Breaking Bad/Nightmare Fuel

Everything About Fiction You Never Wanted to Know.


This is a show where a harmless school teacher takes a deep dive into the ugly, brutal world of drug manufacturing and takes a flying leap over the Moral Event Horizon along the way. Shock and horror absolutely come with the territory.


  • Tuco Salamanca may only be the show's first major threat, but he's easily one of the most terrifying characters that Walt and Jesse cross paths with. He's a hot-headed meth-addicted lunatic who is always a hair's breadth away from flying into a violent rage and brutally murdering anyone who's unlucky enough to be within arm's length of him. Anything can set him off, and once the fuse to this living powder keg is lit, nothing can save you. He even beats one of his henchmen to death for talking out of turn, all because a supportive comment somehow registered as an insult in his psychotic drug-addled mind.
    • When Walt meets Tuco, the man puts out a cigarette with his tongue. His tongue. Easily one of the show's most nauseating moments, and this is after the infamous bathtub scene!
    • The Season 2 premier starts with Nightmare Fuel right out the gate. After seeing Tuco's aforementioned pointless murder of No-Doze, Walt and Jesse are frightened for their lives. Thanks to the raw panic and anxiety in Bryan Cranston and Aaron Paul's performances, it's hard not to feel scared with them as they frantically assess their options going forward. Sadly, they aren't able to put any kind of an exit strategy to use before Tuco kidnaps them and prepares to haul them off to Mexico, with plans to enslave them as meth cooks for the rest of their lives.
    • As satisfying as Tuco's death is, him preparing to murder Jesse while the poor guy's crying and screaming for his life will make your stomach turn.
    • If you think he's scary to watch, try playing the guy. Raymond Cruz was so disturbed by Tuco's sociopathy that he ducked out of the show, forcing all plans for the character to be cut short because he couldn't handle playing someone so horribly sick in the head.
  • The Cartel. A powerful, far-reaching organization that will brutally murder you and your loved ones for slighting them, but not before making a show out of your death. Just ask poor Tortuga. Or Gus's partner, for that matter.
    • Already suffering from anxiety after his shootout with Tuco, Hank is utterly broken by the horror show he bears witness to in El Paso.

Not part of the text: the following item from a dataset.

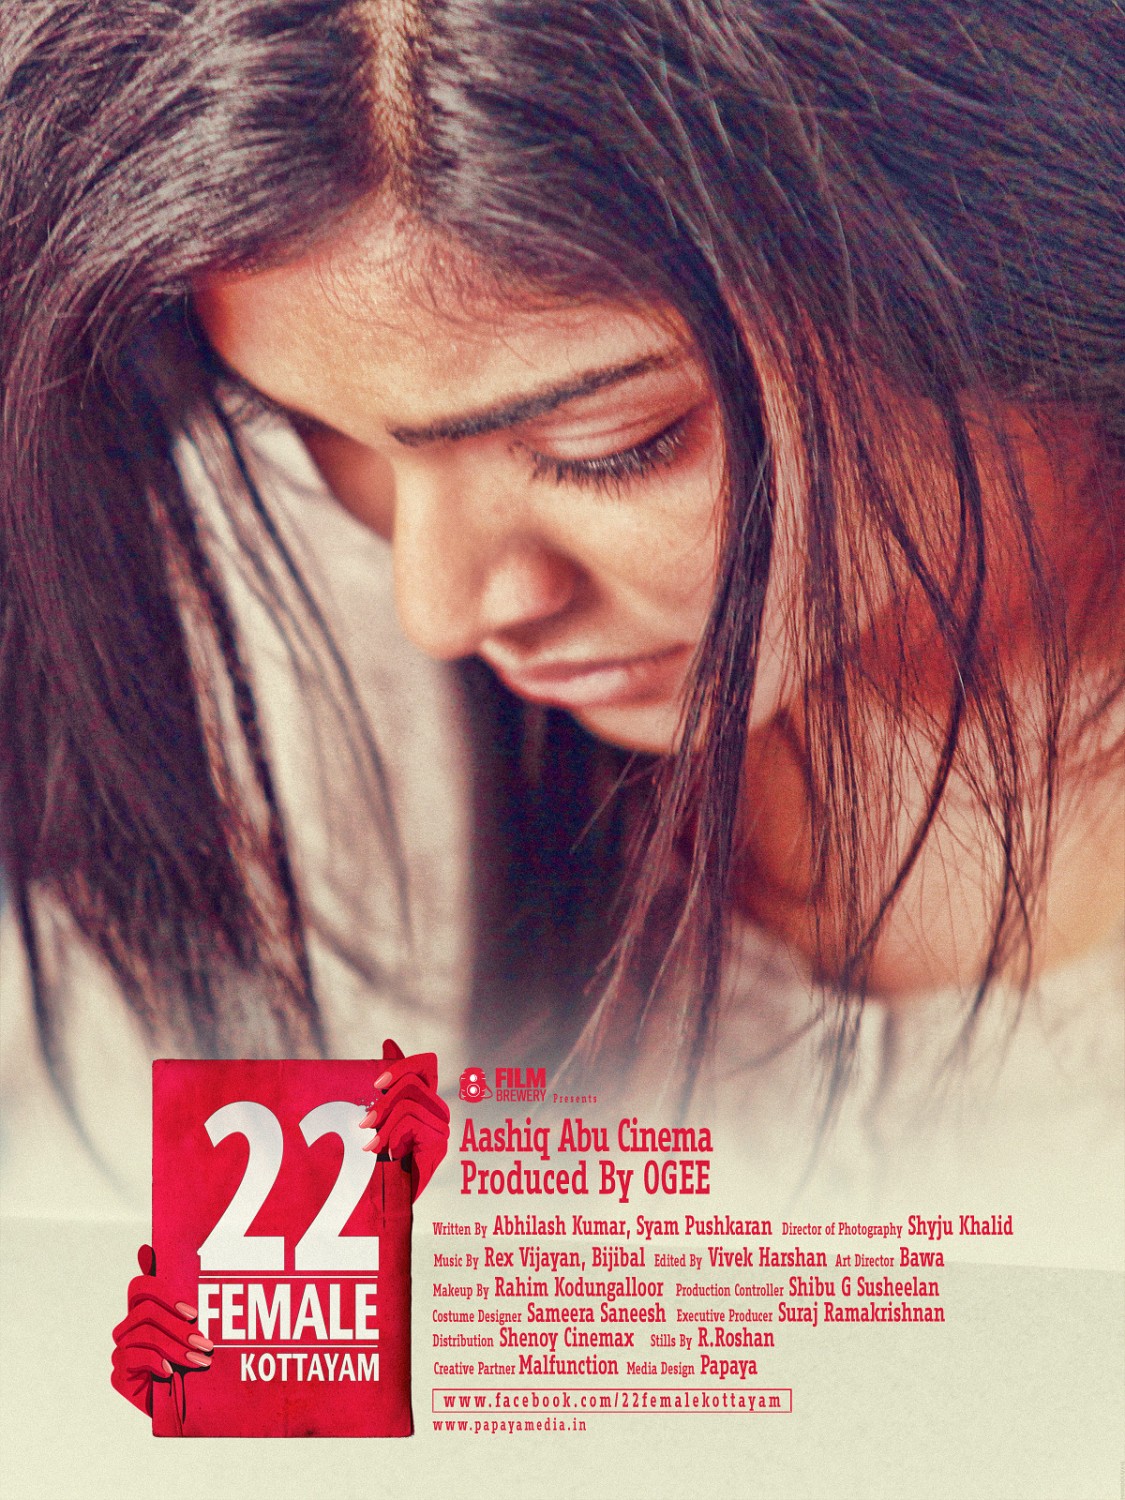 Extra Large Movie Poster Image for 22 Female Kottayam (#23 of 28)

"What's the matter Schrader? You act like you never saw a severed human head on a tortoise before! Cue the ear-splitting explosion of a bomb that kills several DEA agents, and tears the leg off another.

  • Walt strangling Krazy-8 with a bike lock. Did Krazy-8 have it coming? Oh yeah. Is it still uncomfortable to watch? Absolutely. Even worse is that it isn't a clean kill on Walt's end, since Krazy-8 manages to stab him in the leg with a shard from a broken plate.
  • The bathtub incident. After killing Emilio, Walt and Jesse need to dispose of his body and agree on dissolving it in hydrofluoric acid. Wince-worthy, but not scary. The scary part is when Jesse fills his bathtub with the acid and stuffs the body in it. Hydrofluoric acid is incredibly caustic and can eat through just about anything, save for things made of specific materials that can withstand it. Jesse's bathtub is very much not one of those things. Walt realizes how badly Jesse fucked up just in time for the acid to melt a hole through the ceiling and send the bathtub crashing down into the first story of Jesse's house, leaving a mess of wood, plaster, ceramic, acid, and Emilio's bloody, half dissolved corpse splattered all over the place.
    • Thankfully, the presentation edges into Fargo-style black comedy, so you're just as likely to laugh your ass off at it as you are to puke.
  • Gus Fring presents himself as the friendly, unassuming man in charge of a fried chicken joint, and even when Walt learns that he's secretly a powerful drug lord, he still presents himself as Affably Evil and reasonable. But make no mistake about it: the man is Nightmare Fuel personified. You must assume he knows everything about you because he probably does, and he's very good at keeping tabs on anyone who catches his interest. If you displease him or test his patience, he will threaten to kill anyone you care about in order to keep you in line. That is, if he doesn't simply murder you while never showing any emotions stronger than cold disinterest. Test this man's patience at your peril.
    • Already a tense episode from the start, "Box Cutter" climaxes with Gus Slitting Victor's throat with the titular instrument and showering Walt and Jesse in his blood by squeezing the wound, not saying a word beyond a cold "Get back to work." at the end. Even the similarly cold, unflappable Mike is horrified, and pulls his gun on his own boss purely on reflex.
    • Gus' death. He walks out from Hector's room after he detonates a suicide bomb seemingly no worse for wear. That is, until the camera pans around and reveals that half his fucking face got blown off. His reaction is even worse: he isn't scared, sad, or angry. He calmly adjusts his tie without a word and drops dead shortly afterward.
    • Not as graphic as the rest of these, but when Gus says "I will kill your infant daughter" to Walt, a shiver will run down your spine.
  • The last five minutes of Crawl Space, where a panicking Walt is desperately trying to find the money needed to save him and his family from Gus, only for Skyler to reveal that she gave it all to Ted Beneke. Oh, God, that laughter...
  • The couple who rob Skinny Pete in "Breakage" and own the creepy, disgusting house in "Peekaboo". They murder a store clerk for the hell of it, nearly stab Skinny Pete to death in order to get their hands on the meth he's selling... and their kid. That poor goddamned kid. He has to live with these psychos, and the effects of their neglect are immediately apparent.